Меньше чем через год мать привезла меня к профессору снова. Я был уже на ногах. Осмотрев меня, обращаясь к матери, профессор сказал:

– Вы счастливая мать, он вполне здоров.

Долгие восемь месяцев я пролежал в гипсовой коробке. Иногда заходили тетя Варя и Эмма, но не задерживались. Взрослые, как всегда, были озабочены своими делами. В комнате, кроме меня, в своей кроватке барахтался Игорь, родившийся в то время, когда я заболел. Он был занят погремушкой, резиновым утенком и был почти беззвучный ребенок. Особенного ухода за мной не требовалось, потому целые дни я оставался один. Вечером с работы приходила мать, что-то делала для Игоря, для меня, иногда ходила в кино с тетей Варей и дядей Геной, которые всегда брали с собой и Эмму, и, когда возвращалась, подсаживалась ко мне, рассказывала содержание фильма, что-то из событий, происходивших в городе или на работе, а часто и читала что-нибудь вслух.

Мне давали книги, карандаши, бумагу – я читал или рисовал, положив бумагу на кусок фанеры. И когда уставал, думал о той жизни, которая протекала за стенами дома и была недоступна мне.

Прошла осень, прошли Новый год, елка, зима, прошла и весна. Стало тепло, зазеленела трава. В саду расстилали рядно, меня выносили из дома, клали на него, оставляя так на весь день. Позже ко мне приносили Игоря, который уже начинал подниматься на ноги. Возле нас ставили какой-то ящик, и он, держась за его край, вставал, пробовал ходить.

Долгие дни эти со мной были только сад с тяжелеющими плодами на ветках, бездонное небо и солнце. И рядом, словно маленькие подобия его, цвели одуванчики – нежный цветок, на который летела пчела. Заходившая ненадолго Эмма садилась на край рядна, сплетала из них венок, но вскоре уходила. Оставаясь один, целыми часами я смотрел в эту лазурь и думал… О чем?.. О чем можно думать в шесть лет?

К лету я начал тайком подниматься на ноги вместе со своей коробкой, привязанной ко мне бинтами, и пережил неожиданные ощущения: земля, которая долгое время оставалась у моих глаз, вдруг ушла страшно далеко вниз. У меня закружилась голова, я должен был вновь учиться ходить.

В следующем году меня отправили в туберкулезный санаторий. В туберкулезный потому, наверное, что предполагалась возможность возникновения этой болезни из-за ушиба позвоночника, на самом деле просто потому, что нужной путевки не было. Та путевка, которая по показаниям подходила мне, досталась другому ребенку.
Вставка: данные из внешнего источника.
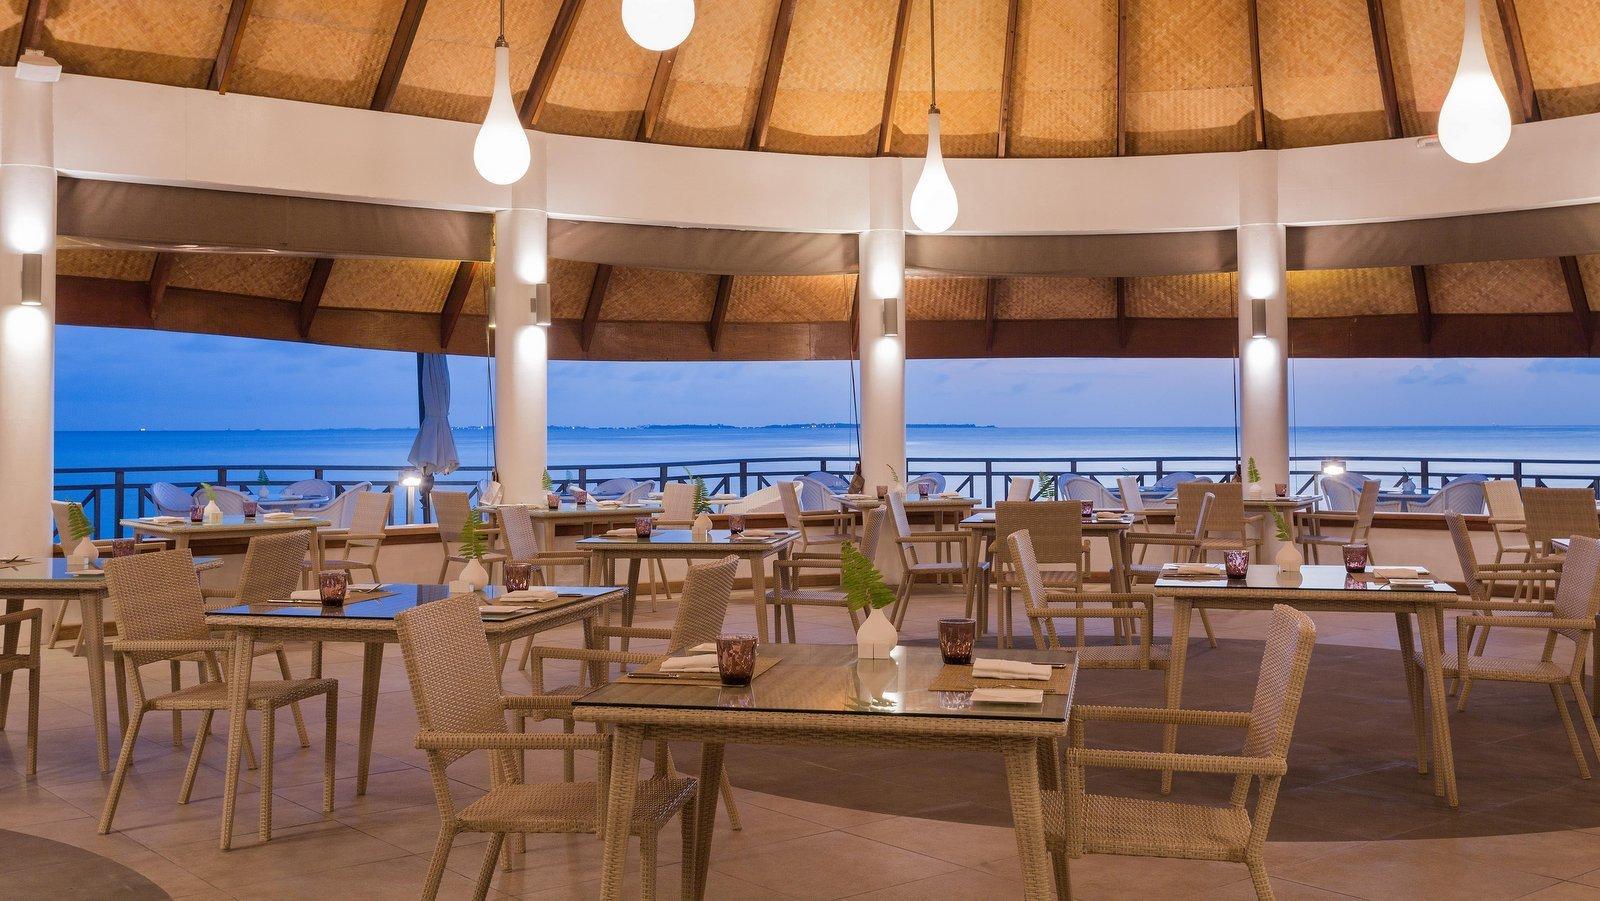 Мальдивы, отель Bandos Maldives, ресторан Sea Breeze

До места назначения меня сопровождала чужая женщина. В незнакомом городе, куда мы прибыли поездом, за нами приехала эмка. Она развернулась на площади перед красивым зданием с овальным фасадом и колоннами по нему и выехала за город. В пути женщина и водитель оживленно беседовали. Предоставленный самому себе на заднем сидении, я впервые ехал в легковом автомобиле.

Небольшое светлое здание санатория, кажется, в два этажа, несколько других, стоявших рядом, видимо, хозяйственных, строений находились посреди соснового бора. Я оказался в группе детей такого же возраста. Там все было как в детском саду: большая комната с игрушками, спальня, где стояли наши кровати, столовая. Распорядок был тоже детсадовский. Лечение – исключительно целебным воздухом бора. Время, незанятое приемом пищи, послеобеденным сном, играми в комнате, проходило в лесу.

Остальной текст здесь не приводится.